Alberta Air Pollution Levels High in Sulphur and Nitrogen Reports Environment Canada

Environment Canada recently released images showing air emissions modelling results across Alberta. These images are a reminder of how a small number of large sources mix together to pollute the air Albertans breathe, resulting in increased risks to human health.

Sourced through Scoop.it from: www.pembina.org

“[…] SO2 and NOx emissions impact human health not only because they can cause direct harm, but also because they can react in the atmosphere to create fine particulate matter (PM2.5).
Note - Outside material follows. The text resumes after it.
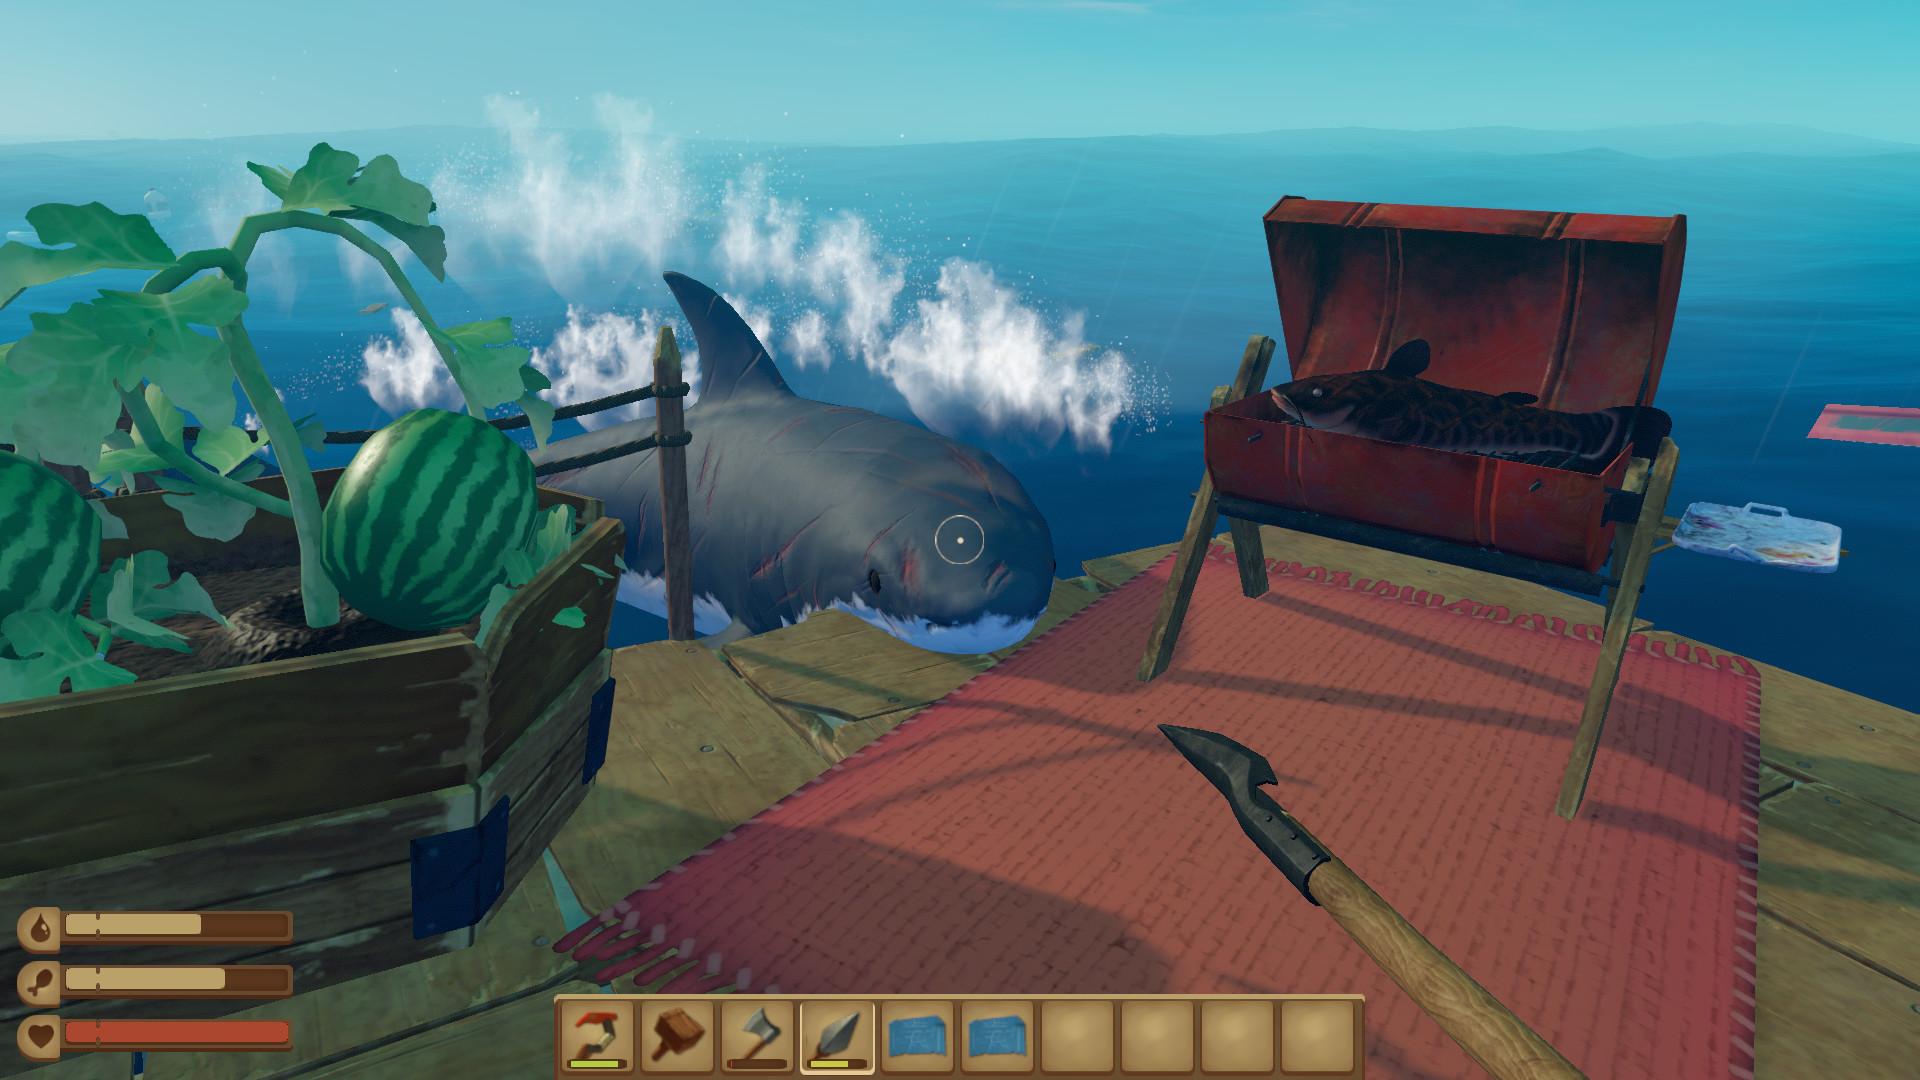 download raft creative mode apk

The Alberta government has found that NOx and SO2 are the main causes of past incidents where PM2.5­ concentrations have exceeded Canada’s air quality standards.
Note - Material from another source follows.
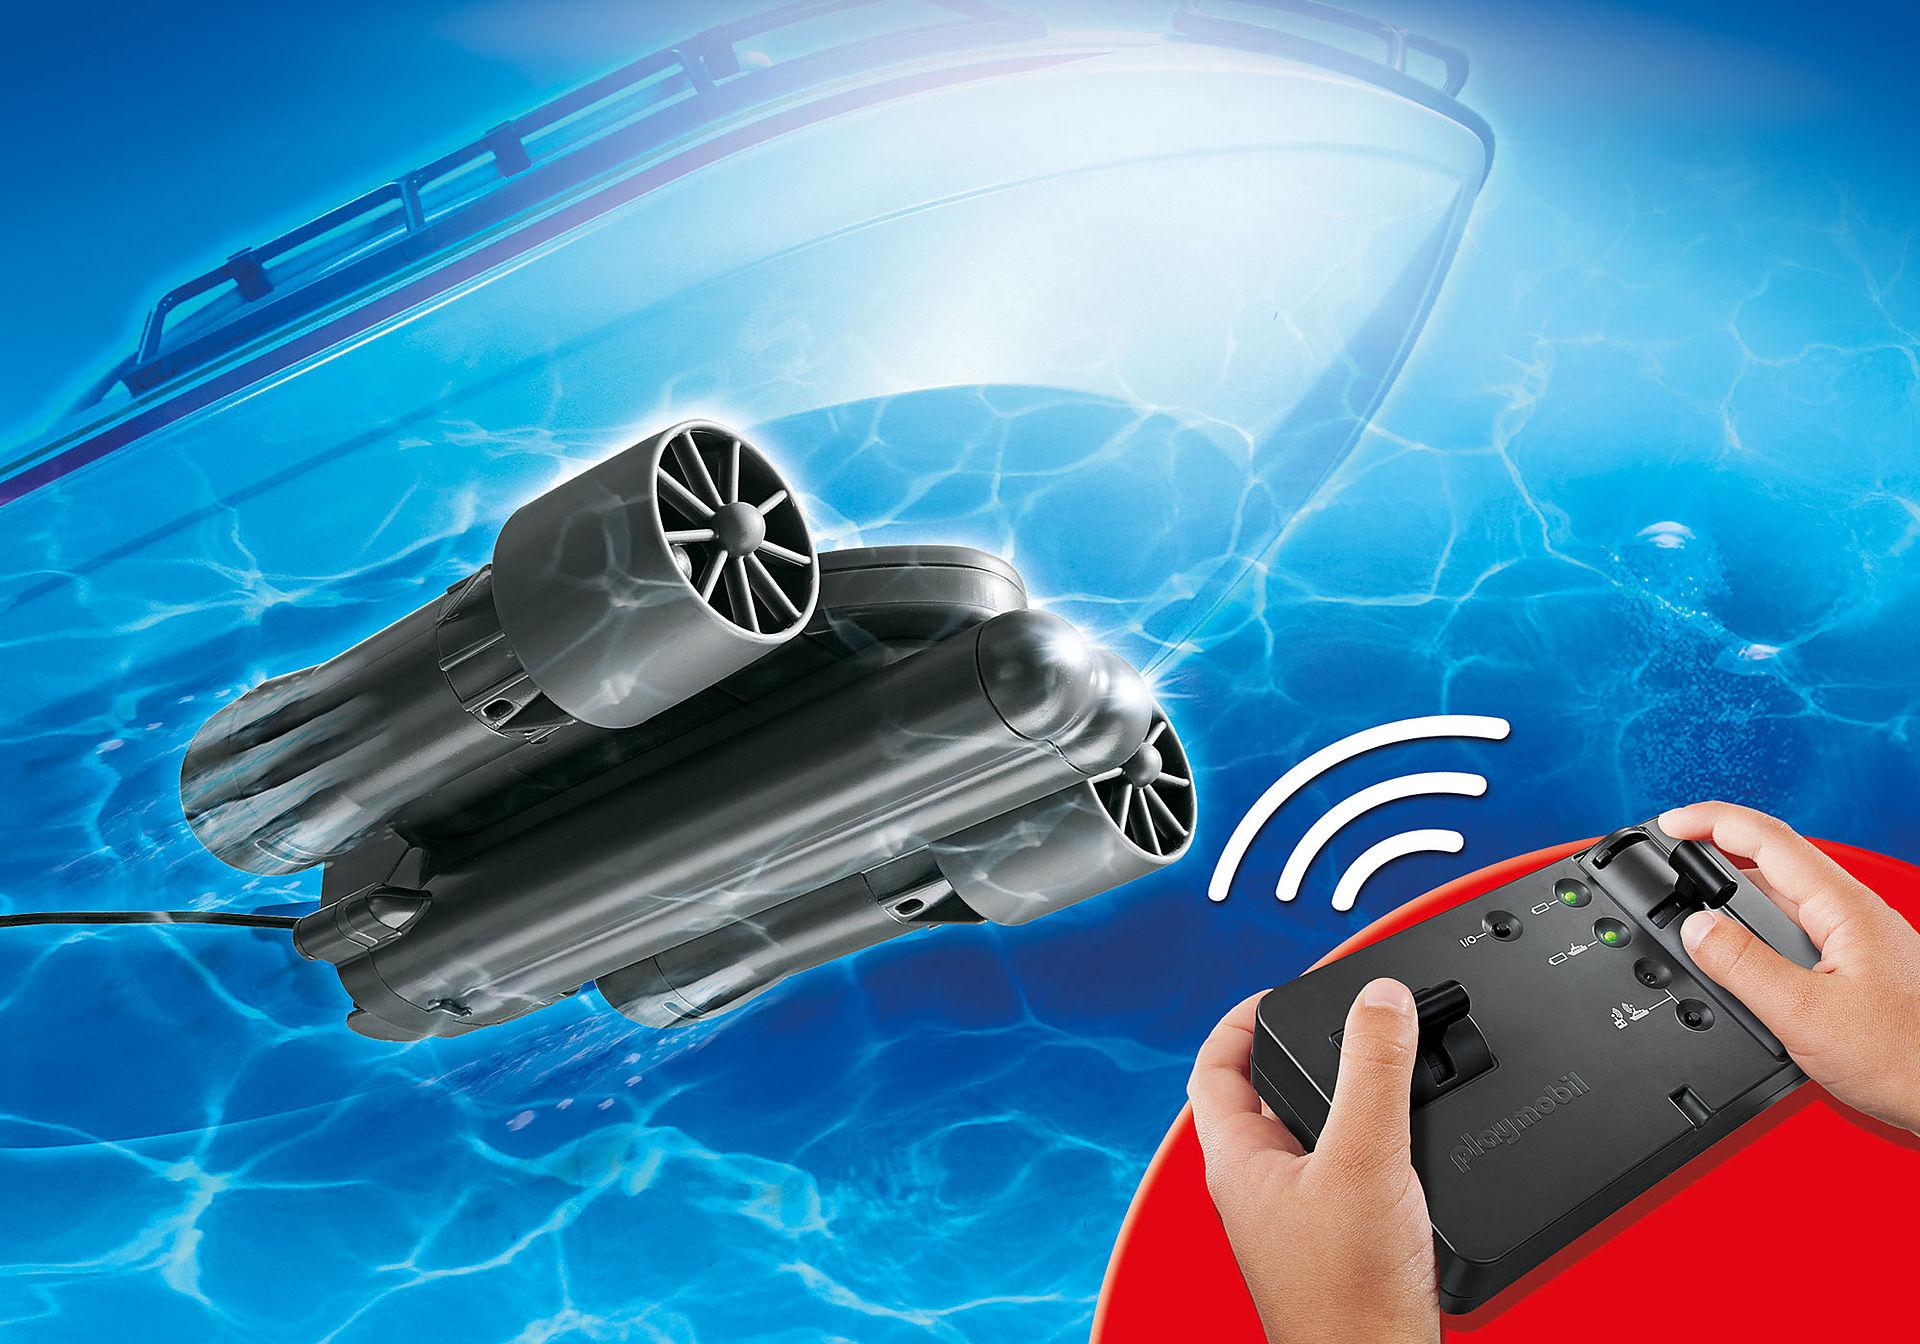 http://media.playmobil.com/i/playmobil/9853_product_detail/Motor submarino RC

PM2.5 can cause asthma attacks, hospitalizations and even premature death, as we’ve summarized before. It’s a particular concern in Alberta, where PM2.5 is putting us on track to have the worst air quality in Canada, and Edmonton’s pollution levels are exceeding Toronto’s.

These images underscore the cumulative impacts of a small number of very large industrial emissions sources — particularly coal plants, the oilsands and refineries — in addition to distributed industrial activities such as oil and gas operations. Those may all be separate sources, but their emissions end up in the same air. Pollutants from these different sources mix together in the air Albertans breathe, resulting in increased risks to human health. […]

Alberta is unique in the western half of North America for its mid- and high-level readings. The province more closely resembles the densely populated mid-Atlantic region of the United States, or the coal-burning Midwest, than our western neighbours.

Problem spots near coal plants, refineries and the oilsands

Another image shows how SO2 and NOX that is released into the atmosphere returns to ground level, or “deposits.” The image reveals a clear concentration (the orange and red spots) of the two pollutants being deposited around both Edmonton and the oilsands in northeast Alberta.

Edmonton is sandwiched between three large coal-burning power plants, which are clustered near Wabamun Lake west of Edmonton, and refineries on the east side of the city.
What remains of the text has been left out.